Paylaş
Anne bir sabah bebek sandalyesinin altında bir tutam saç buldu. Bebeğin saçıydı... Alev Hanım, bakıcının çocuğunu dövdüğünden şüphelenmişti.
Babalarına söylediler...
Dede Çelebi Ekim, bir sabah anne-baba gidince evin kapısını dinlemeye başladı.
Çocuğun çığlıklarını duyunca da cep telefonuyla eve girip olanı biteni kaydetti.
Bakıcı Fadime, elinde terlikle 3 yaşındaki çocuğu dövüyordu. Anne-baba perişandı...
Minicik yavruları meğer her gün eziyet görüyormuş...
Hemen polise gidildi. Görüntü kaydı ve tutanaklar, ifadeler...
Dava açıldı...
Ama “basit yaralama” suçundan.
Savcı itiraz etti. Mahkeme bu defa davayı “eziyet” fiiline çevirdi...
Sonuçta...
6 ay gibi bir sürede Merzifon 2’nci Asliye Ceza Mahkemesi bakıcı kadına 7 yıl hapis cezası verdi...
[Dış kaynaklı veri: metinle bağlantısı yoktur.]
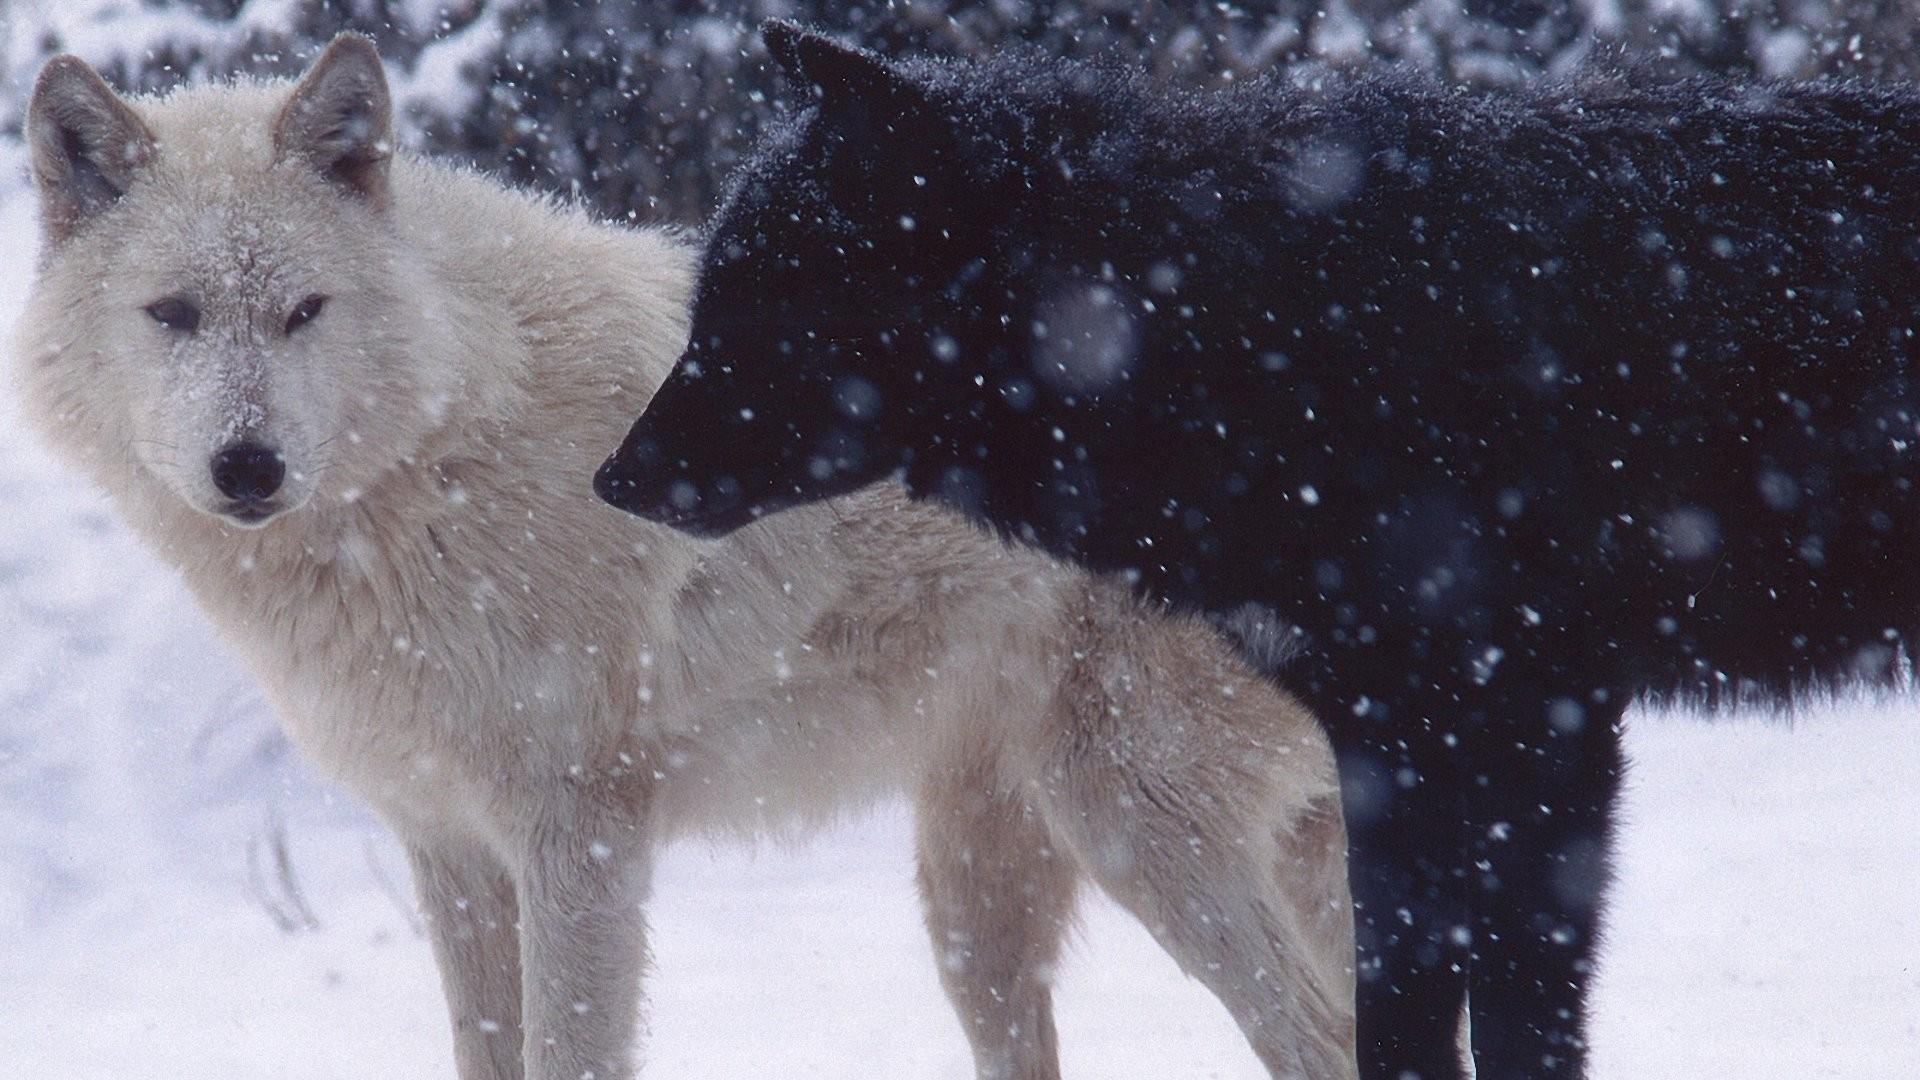 … Background Full HD 1080p. Wallpaper wolves, pair, predator,  snow, dogs

Anne Alev’in ilk sözü şu oldu:
“Ben ilk şüphelendiğimizde önce toz konduramadım. Neden küçücük bir çocuğa bunu yapsın diye düşündüm. Videoyu izlediğimde şok oldum, dünyam başıma yıkıldı. En önemli varlığımı, evladımı emanet ettiğim bakıcı bunu yaptı. Kimseye güvenimiz kalmadı. Neyse ki adalet yerini buldu.”
Biliyorum ki milyonlarca çalışan anne-babanın zaman zaman içini bu kuşku kemirmektedir... Bu olayı ve cezayı yazdım ki...
Bir nebze ibret olsun...
Ayrıca kararı veren hâkimler de vicdanımızı rahatlattı. Helal olsun...
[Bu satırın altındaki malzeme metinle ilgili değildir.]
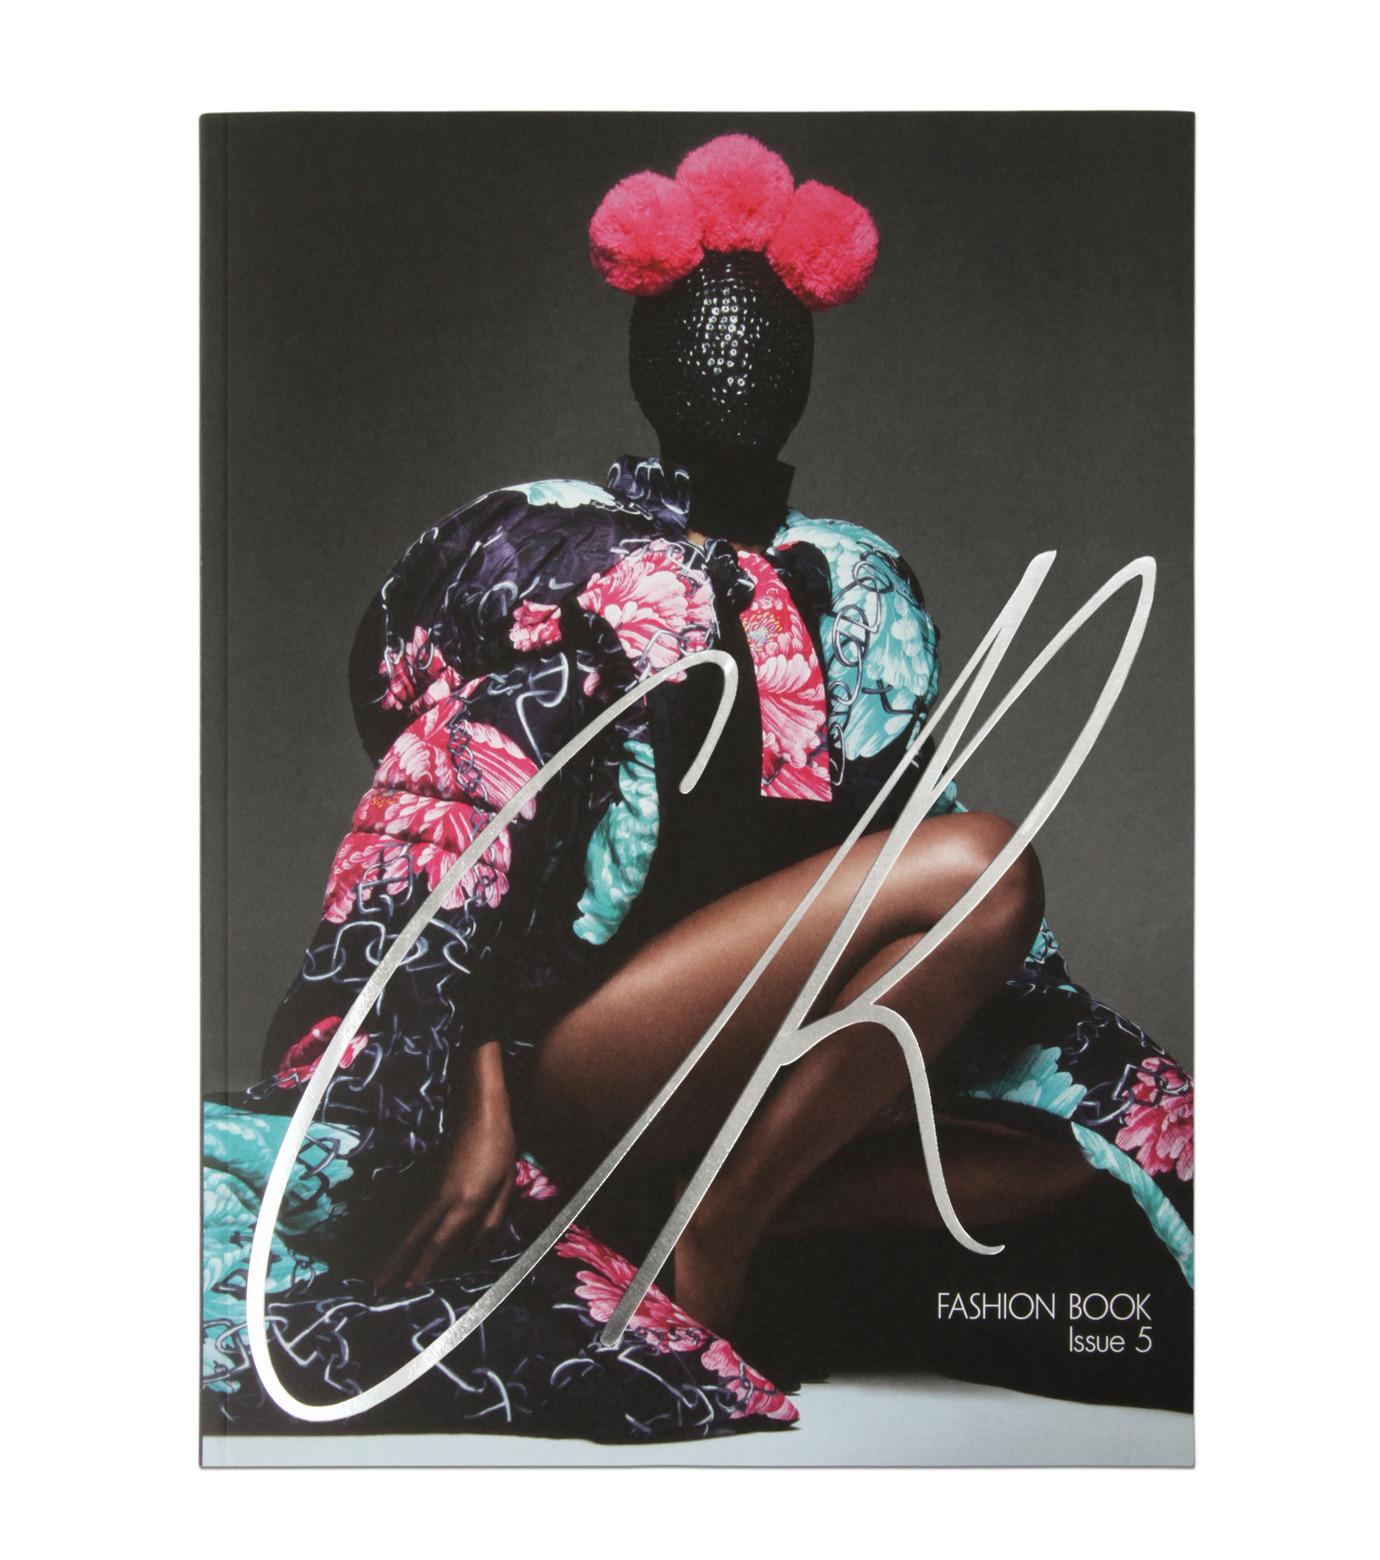 Magazine(マガジン)のCR FASHION BOOK (#5)-NONE-CR2010X14005-0 拡大詳細画像2

Fotoğraf: Mehmet Selim YALÇIN
BAZEN BİR FOTOĞRAF HER ŞEYİ ANLATIR
ŞU kolunu öğretmen ablasının omzuna atışına bakar mısınız?
Şu gözlerindeki ışık...
Şu gülüşü...
Şırnak’ın Silopi ilçesi burası...
Bölgedeki ailelerden gelen istek üzerine otistik çocuklar için bir sınıf açılıyor.
İlçe Milli Eğitim Müdürü Bülent Dayanan karar alıyor.
Okul müdürü Ali Bilgin sınıfı açıp öğretmenleri belirliyor.
Ve böylece, kan ve gözyaşı fotoğraflarıyla hatırladığımız bölgeden muazzam bir sevgi fotoğrafı yükseliyor.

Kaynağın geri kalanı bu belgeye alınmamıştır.